Does the TV have composite or component inputs? If so, I would think it would work fine. The Mini has composite, component, and HDMI outputs.


----------



## tarheelblue32 (Jan 13, 2014)

It'll work with an analog TV, but you have to buy the composite (or component) breakout cables separately:

https://www.tivo.com/shop/detail/av-cable


----------



## fcfc2 (Feb 19, 2015)

tarheelblue32 said:


> It'll work with an analog TV, but you have to buy the composite (or component) breakout cables separately:
> 
> https://www.tivo.com/shop/detail/av-cable


Or save a few bucks
http://www.ebay.com/itm/TiVo-Mini-3...340?pt=LH_DefaultDomain_0&hash=item418c2aa184


----------



## VickiK3275 (Jul 30, 2015)

The Sony Trinitron 9" TV has a video in and an audio in jack in the back. The manual shows a cable that you have to get separately that has two jacks on one end (audio and video) and then three jacks on the other end that you can plus into a video recorder. The cable they show is a VMC-920MS. Will that work with the TIVO mini?


----------



## tarheelblue32 (Jan 13, 2014)

VickiK3275 said:


> The Sony Trinitron 9" TV has a video in and an audio in jack in the back. The manual shows a cable that you have to get separately that has two jacks on one end (audio and video) and then three jacks on the other end that you can plus into a video recorder. The cable they show is a VMC-920MS. Will that work with the TIVO mini?
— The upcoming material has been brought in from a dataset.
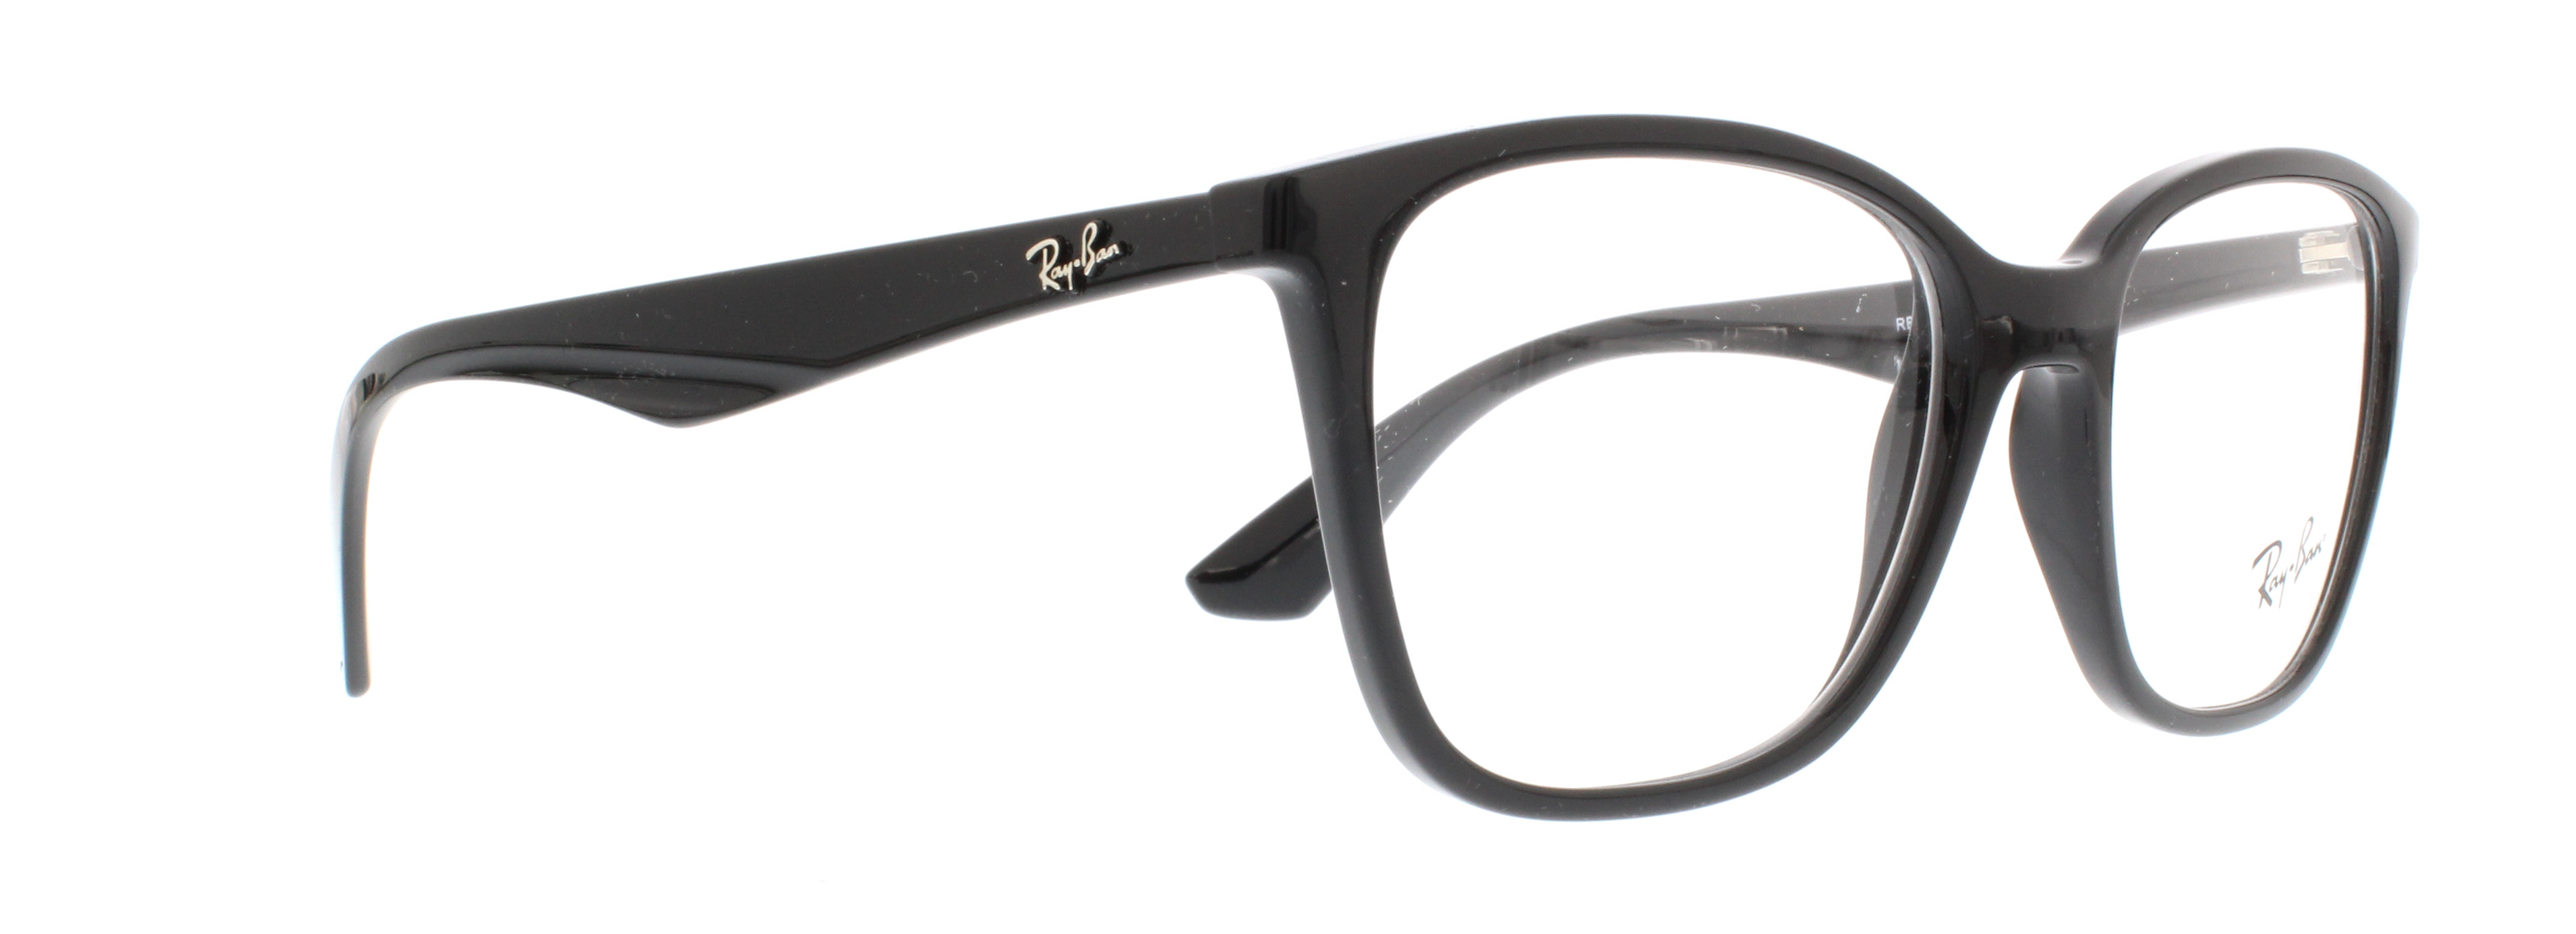 06c5f8bf4eb ... amazon picture of ray ban eyeglasses rx7066 d702f 79b4b
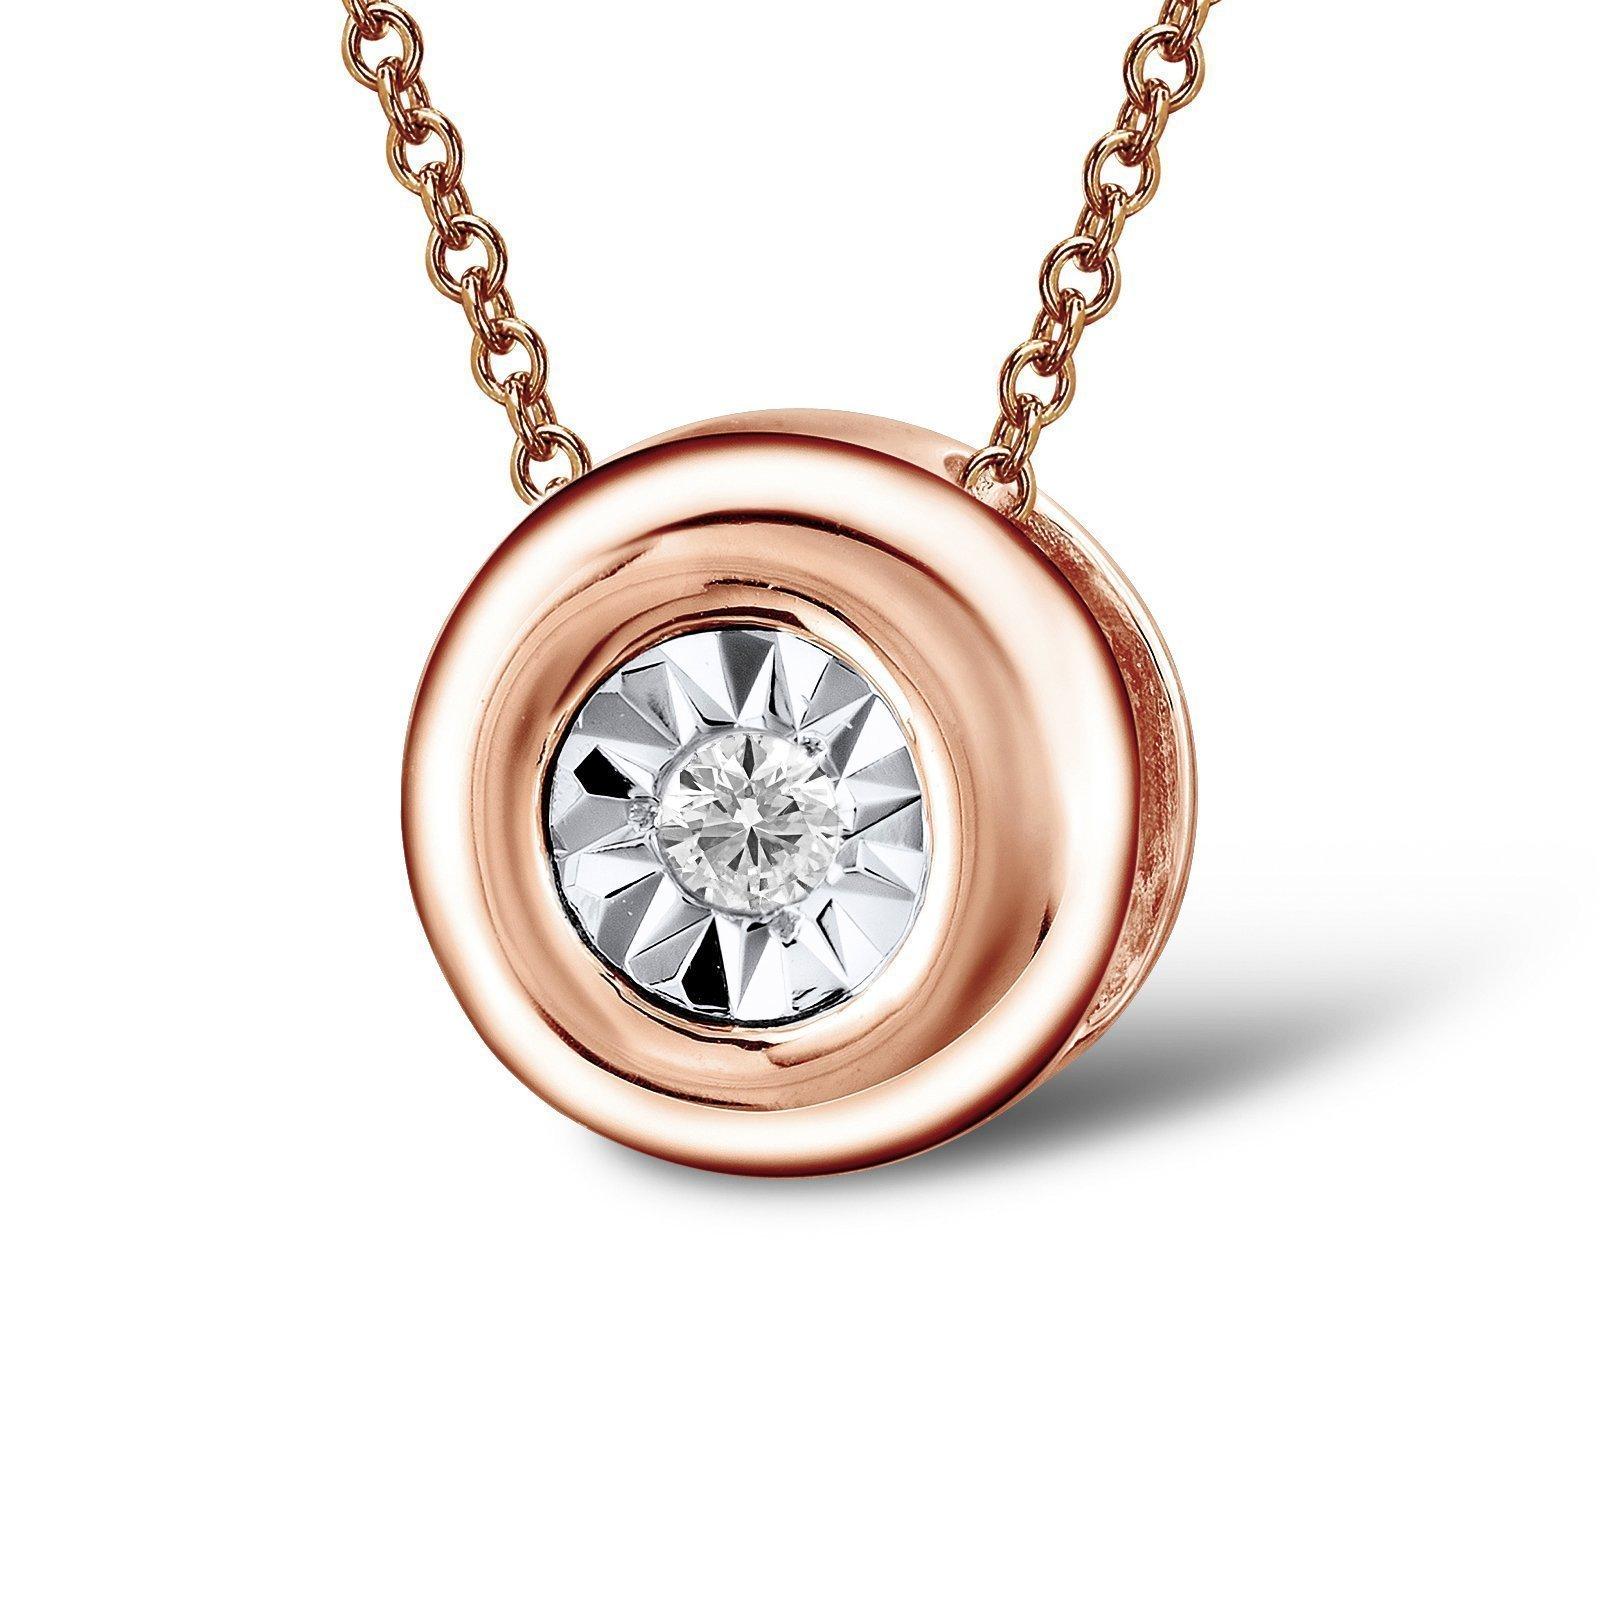 Кулон из красного золота Сабрина с бриллиантом

It should work, but in addition to the TiVo breakout cables, you'll also probably need to buy a composite A/V coupler to connect the breakout cable to the VMC-920MS cable.


----------



## krkaufman (Nov 25, 2003)

VickiK3275 said:


> The Sony Trinitron 9" TV has a video in and an audio in jack in the back. The manual shows a cable that you have to get separately that has two jacks on one end (audio and video) and then three jacks on the other end that you can plus into a video recorder. The cable they show is a VMC-920MS. Will that work with the TIVO mini?


It looks like your TV only has mono audio, so an adapter similar to the following, used in conjunction w/ the TiVo AV breakout cable (linked above), should get you where you want to be:

RCA Mono Male to Two RCA Stereo Female​
edit: p.s. For the record, even a TV with only an antenna/coax input isn't out-of-reach for the latest TiVos. You'd just need to add a RF modulator to convert the composite signal to RF channel 3 or 4. (for example)


----------



## thefisch (Jul 25, 2015)

I have a similar situation with an old toshiba 32 inch tv. This tv has component inputs in addition to composite, but I don't think those old tv's can do 720p. So I suspect that the component may yield 480p as opposed to the 480i you get with the composite connection. Wouldn't be worth buying component in that case if it didn't already come with the composite.


----------



## aaronwt (Jan 31, 2002)

thefisch said:


> I have a similar situation with an old toshiba 32 inch tv. This tv has component inputs in addition to composite, but I don't think those old tv's can do 720p. So I suspect that the component may yield 480p as opposed to the 480i you get with the composite connection. Wouldn't be worth buying component in that case if it didn't already come with the composite.


Just set the Mini for only 1080i output. Then it will scale everything to 1080i before being output. At least this is how it works over HDMI. So I would expect it to do the same thing with component.


----------